▸ SUPPLIED INFORMATION:
# # # #

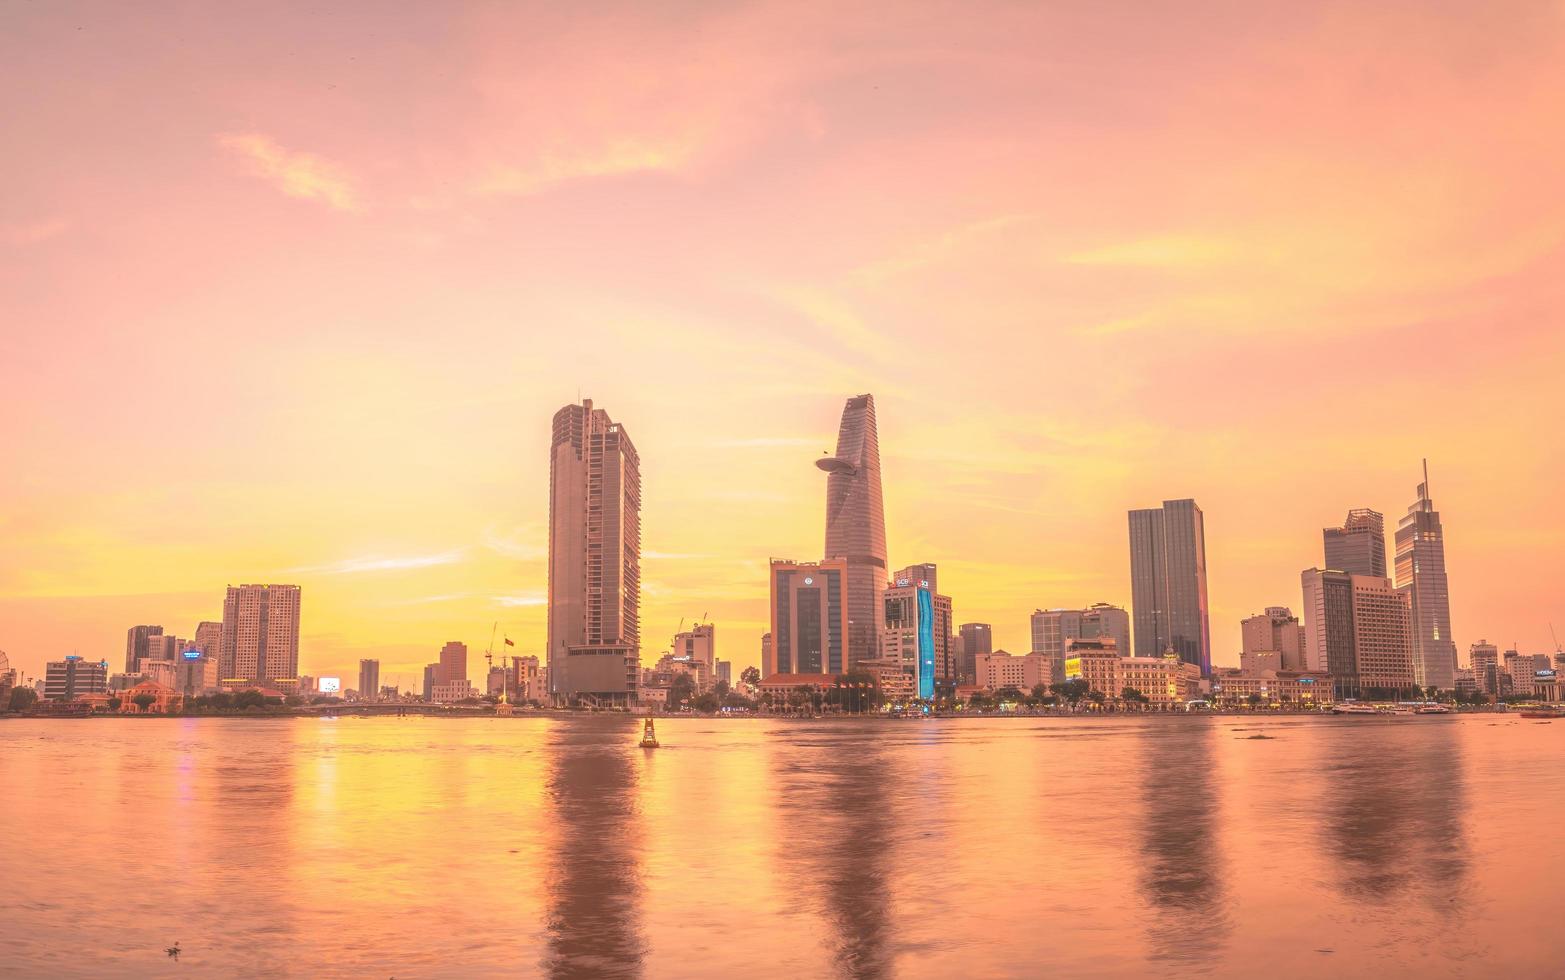 ho chi minh, vietnam - 19 febbraio 2022 vista dell'edificio della torre finanziaria di bitexco, edifici, strade, ponte thu thiem e fiume saigon nella città di ho chi minh al tramonto. immagine panoramica di alta qualità. foto
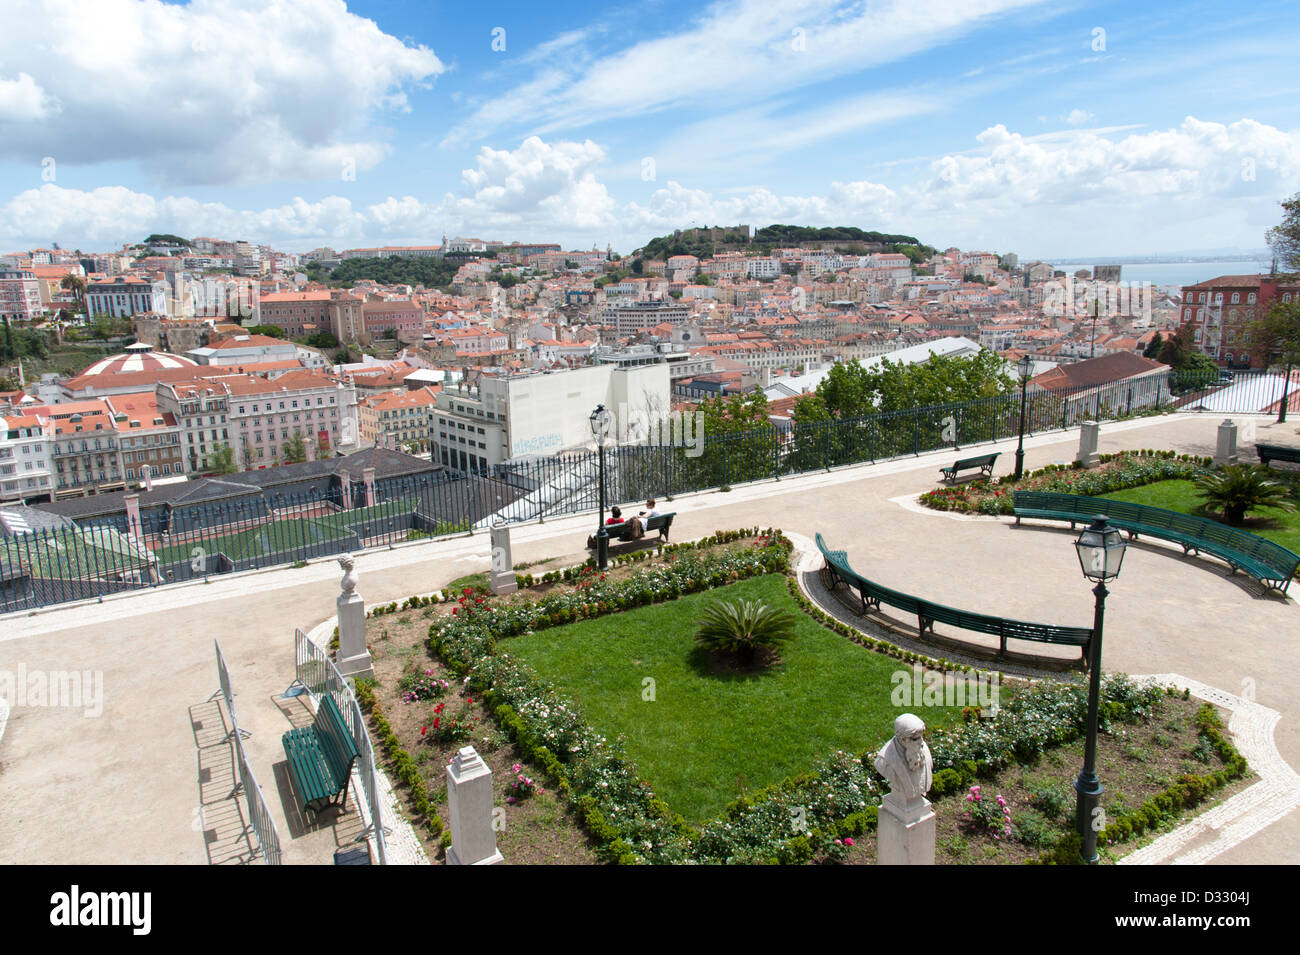 Views across the city from Jardim de Sao Pedro de Alcantara, Lisbon, Portugal Stock Photo
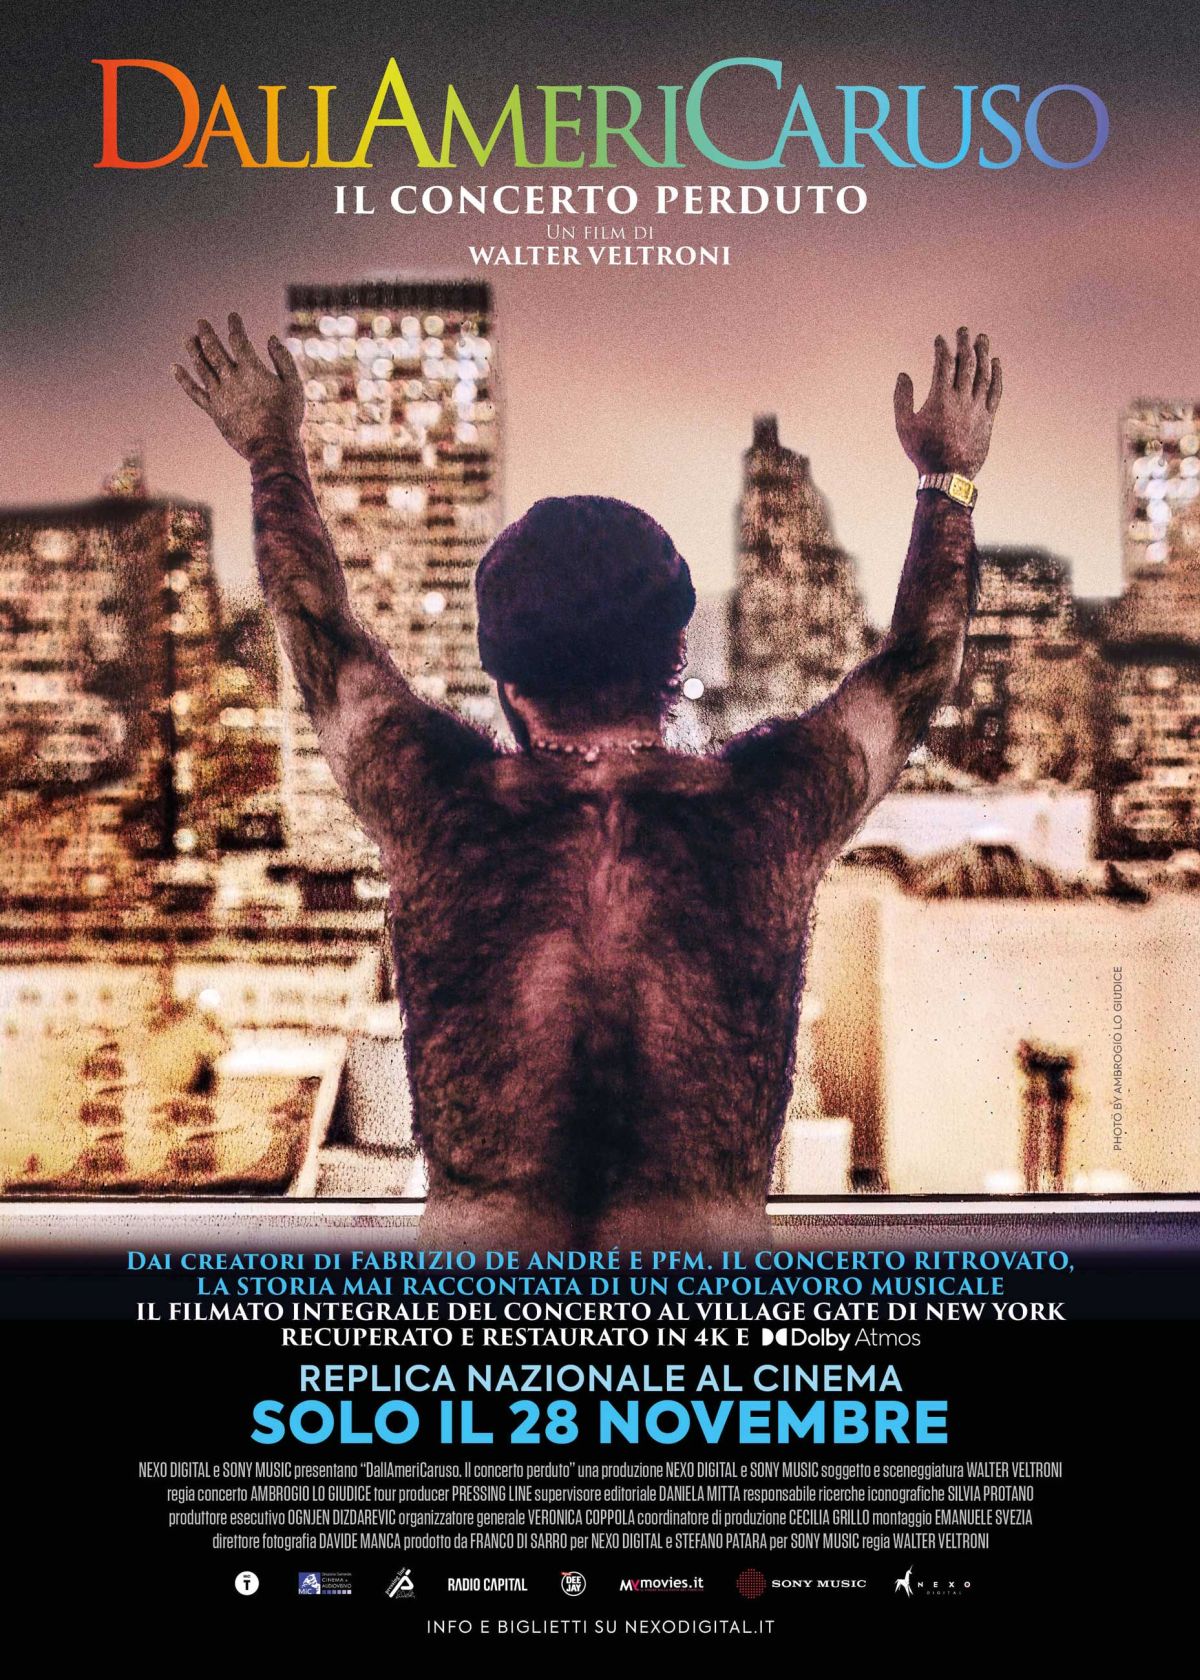 "DallAmeriCaruso. Il concerto perduto" torna al cinema solo il 28 novembre

# # # #

▸ YOUR GOAL: Print once more, exactly, the lines from the one with "Views across the" through the last line of the data, both ends included, without any pictures.

▸ SOLUTION TO THE PROBLEM:
 Views across the city from Jardim de Sao Pedro de Alcantara, Lisbon, Portugal Stock Photo
 "DallAmeriCaruso. Il concerto perduto" torna al cinema solo il 28 novembre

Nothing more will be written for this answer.